Problem details
Nothing but the text of the listing, repeated exactly, belongs in the answer; leave the images out.

Segment Start: Available data

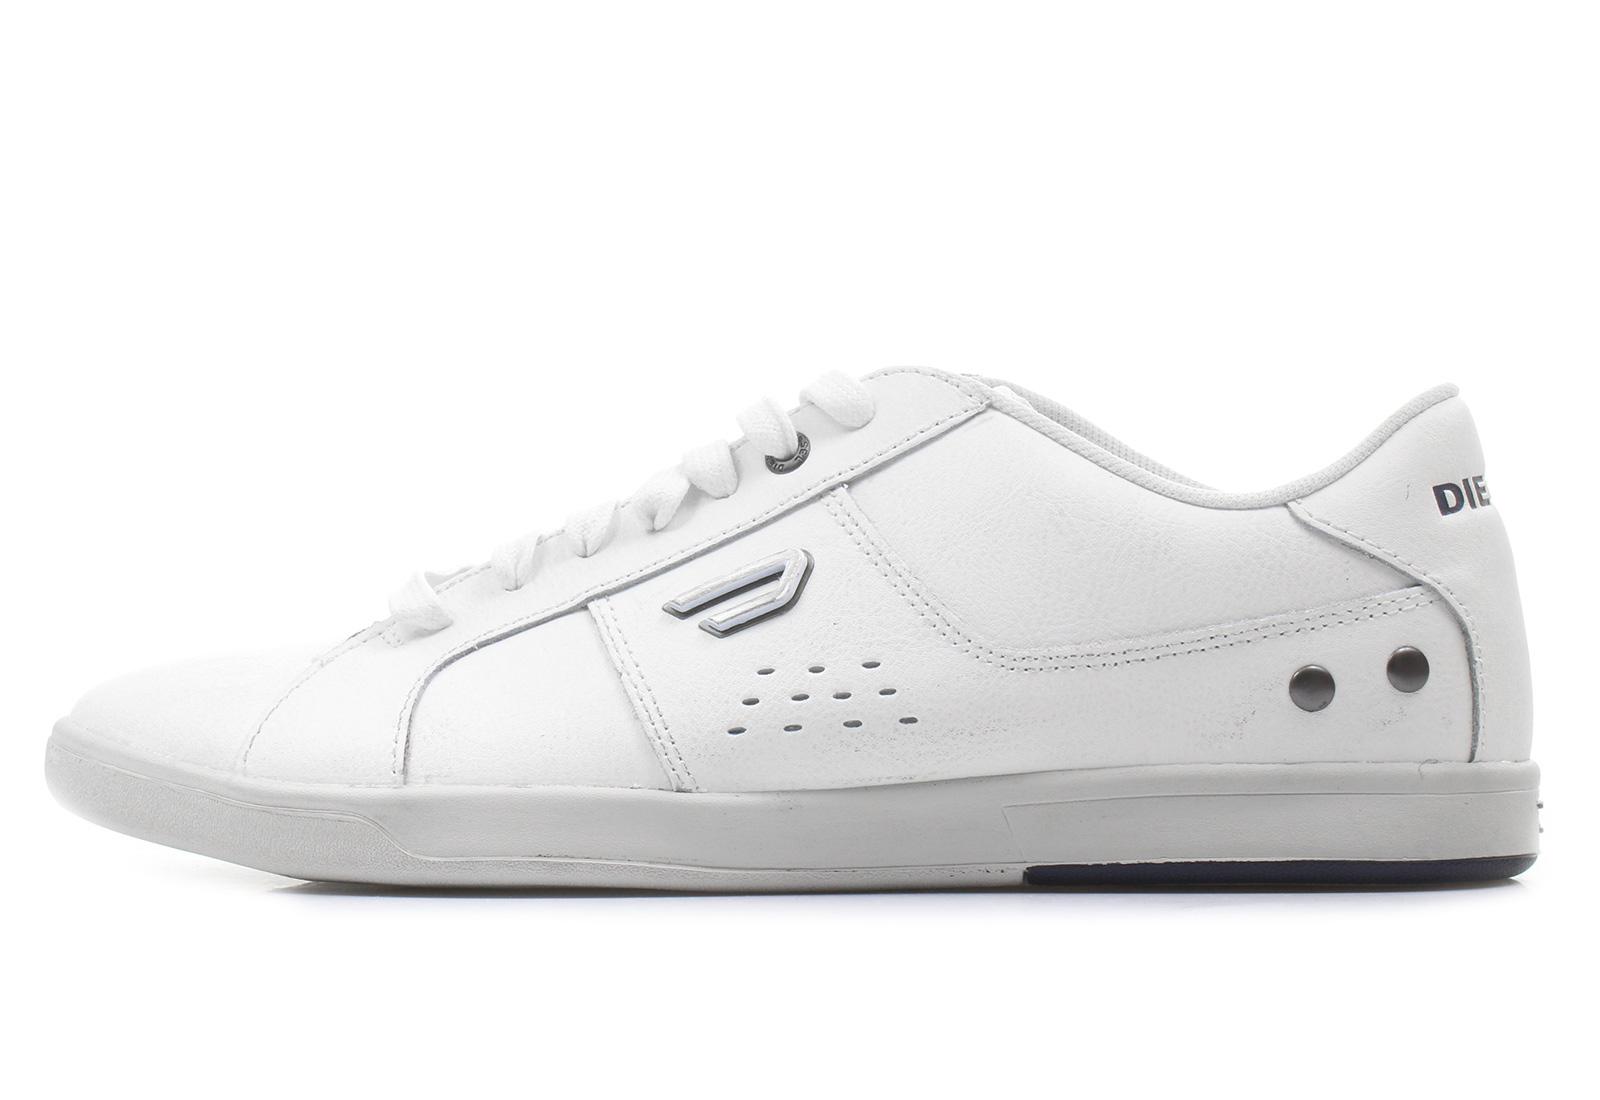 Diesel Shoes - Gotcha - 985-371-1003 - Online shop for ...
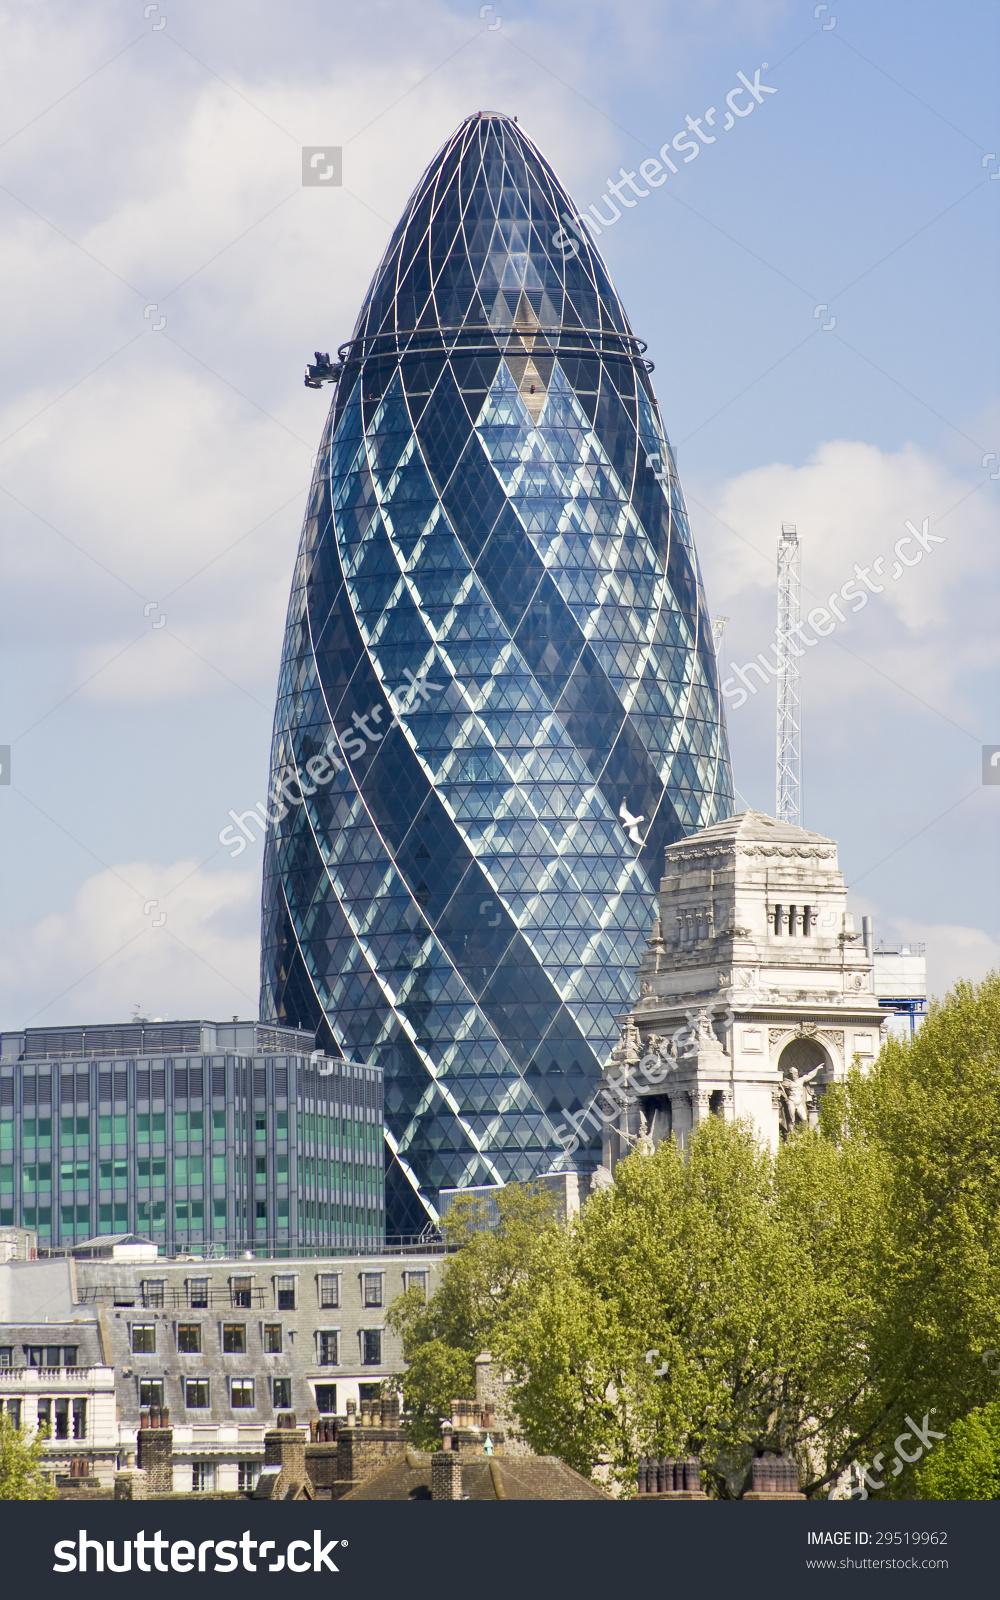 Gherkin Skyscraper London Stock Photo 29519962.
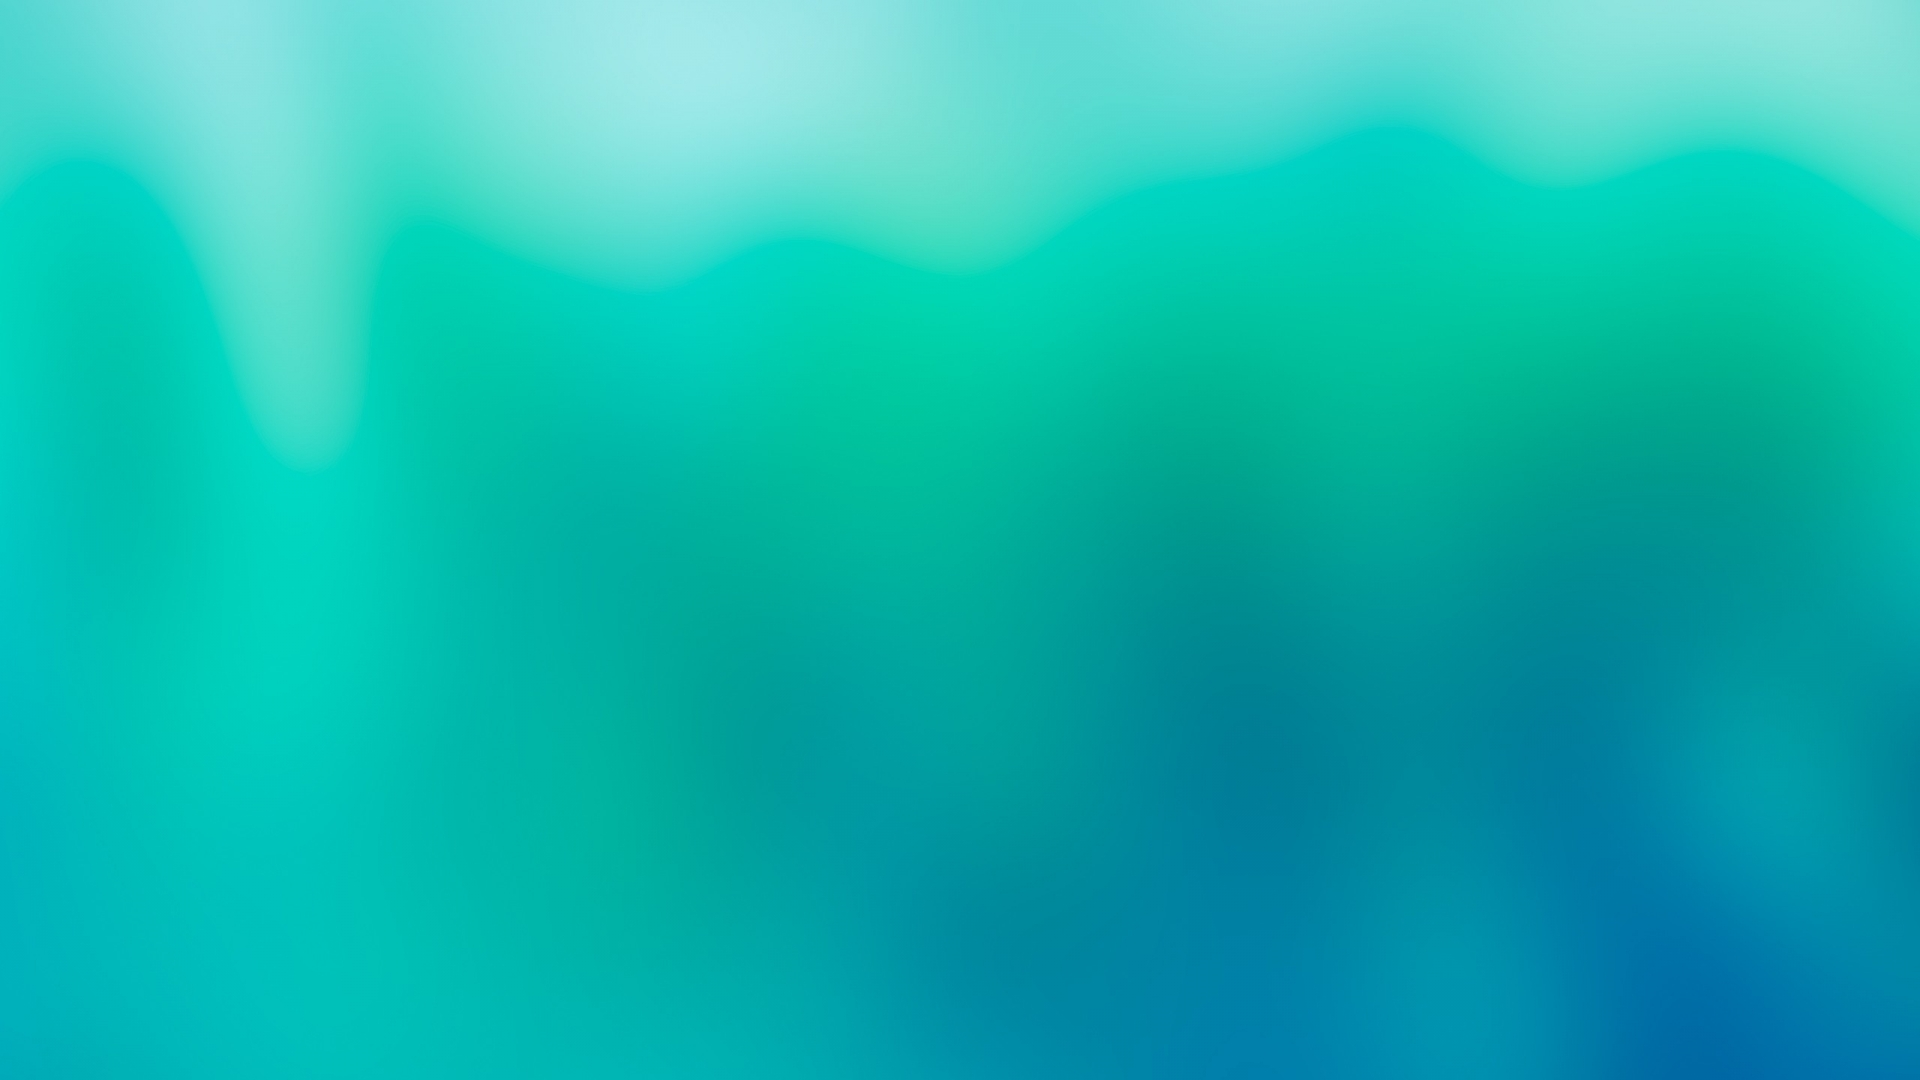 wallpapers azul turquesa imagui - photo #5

Segment End: Available data

Response box
 Diesel Shoes - Gotcha - 985-371-1003 - Online shop for ...
 Gherkin Skyscraper London Stock Photo 29519962.
 wallpapers azul turquesa imagui - photo #5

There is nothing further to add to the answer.